Unfortunately, IDs get baked in to various places. For example, let's say my staging content includes a vocabulary and a Views module view to display the content of that vocabulary. The view is exportable as PHP, but if you look closely, you'll find the PHP includes something like: array ( 'tablename' => 'term_data', 'field' => 'vid', 'operator' => 'AND', 'options' => '', 'value' => array ( 0 => '7', ), Note the "7". That's the vocabulary's ID on the staging server. If, on the production server, the vid for that vocabulary is NOT 7, the view will not work as desired.

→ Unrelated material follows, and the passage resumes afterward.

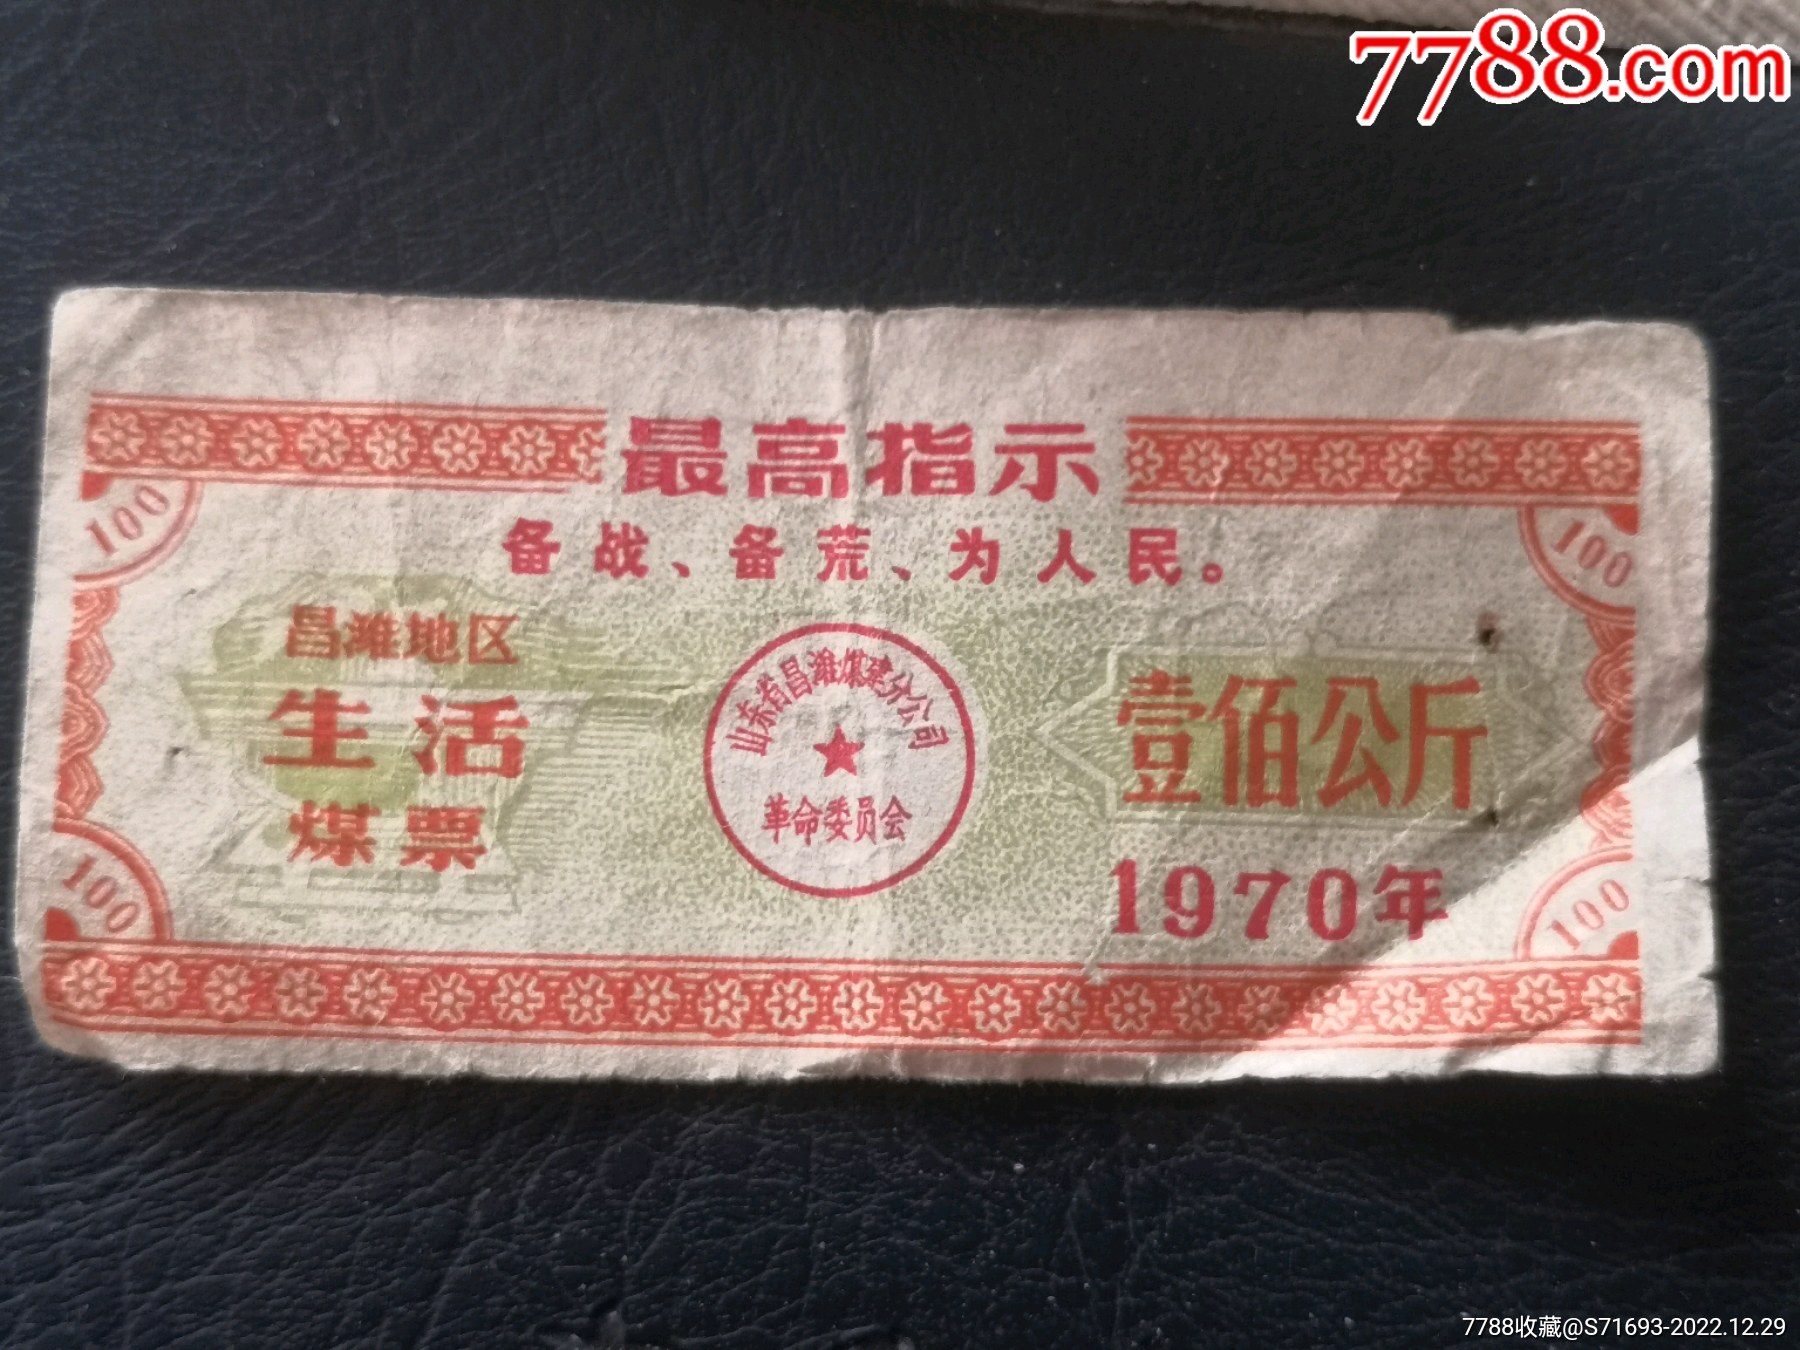 1992年4月九江县煤炭公司煤票150公斤-价格:2元-se96876776-煤气/燃料票-零售-7788收藏__收藏热线
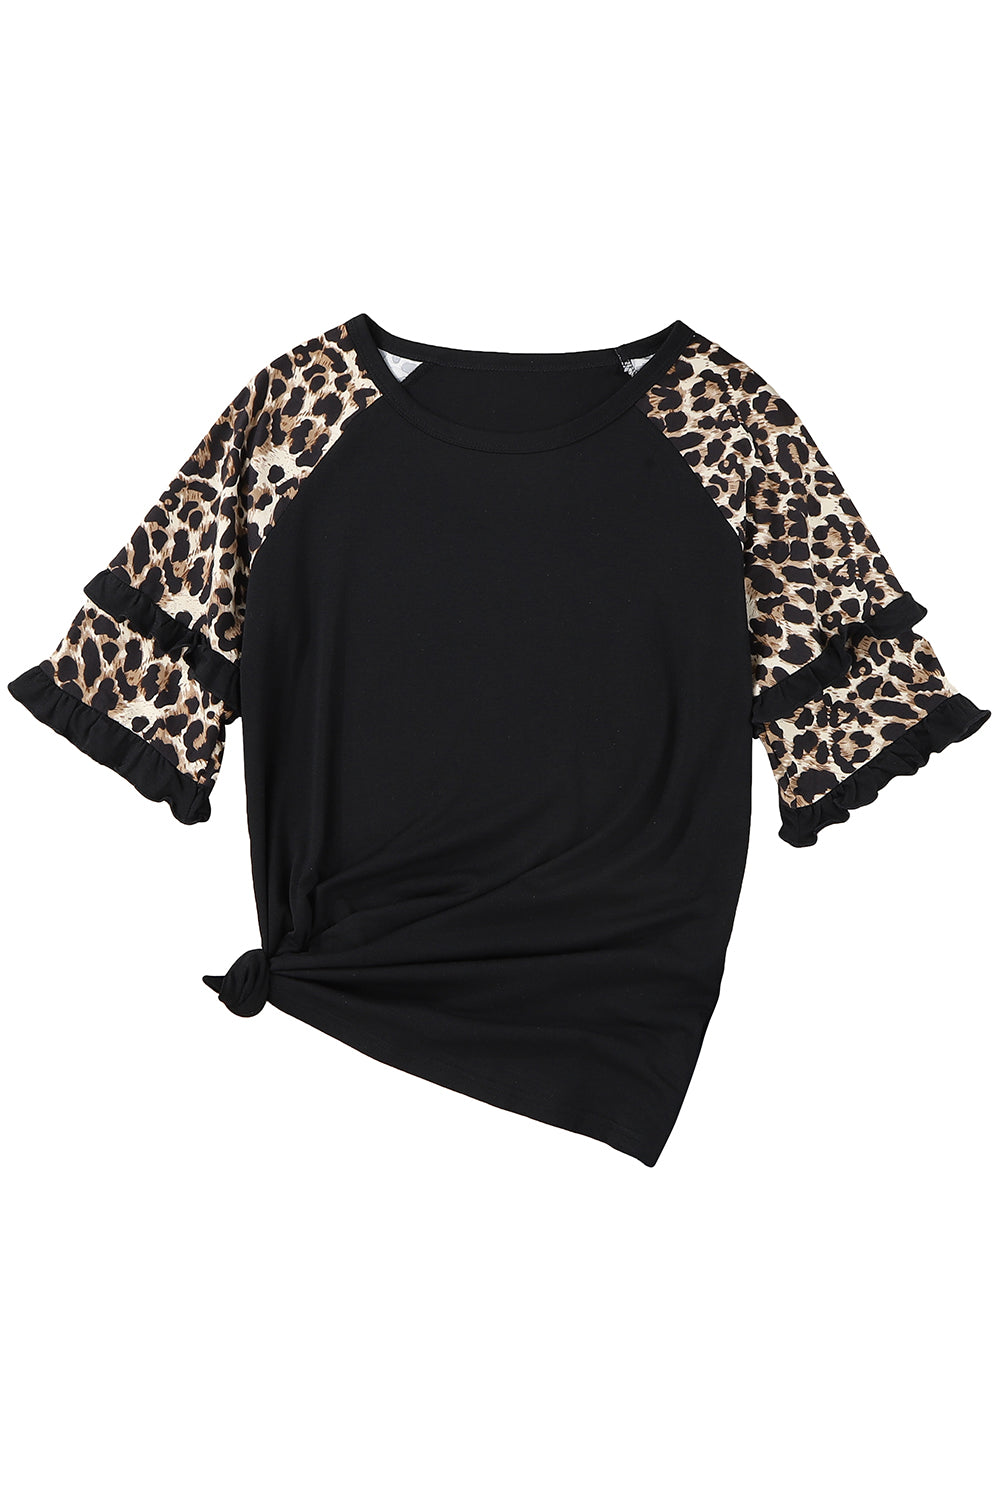 Crna majica s nabranim leopard rukavima od krpa

I've found it convenient to hardcode IDs in various places of my own code. So I've grown fond of the notion that some important IDs will remain the same from staging to testing to production. I'm not saying it can't be done without hardcoding the IDs. But it's quite a challenge. -Dave On Monday 19 June 2006 05:12, Adrian Rossouw wrote:
On 18 Jun 2006, at 10:03 PM, Bèr Kessels wrote:
With my first drafst for fixtures I simply solved this by NOT using any IDs. Because fixtures are pure PHP, we can let Drupal create the IDs. No need for any hardcoded ID, if you design the architecture of the import- export of staging code well enough, IMO.
I agree with the idea of imports / exports.
Shipping the defaults as php as opposed to sql makes a lot more sense.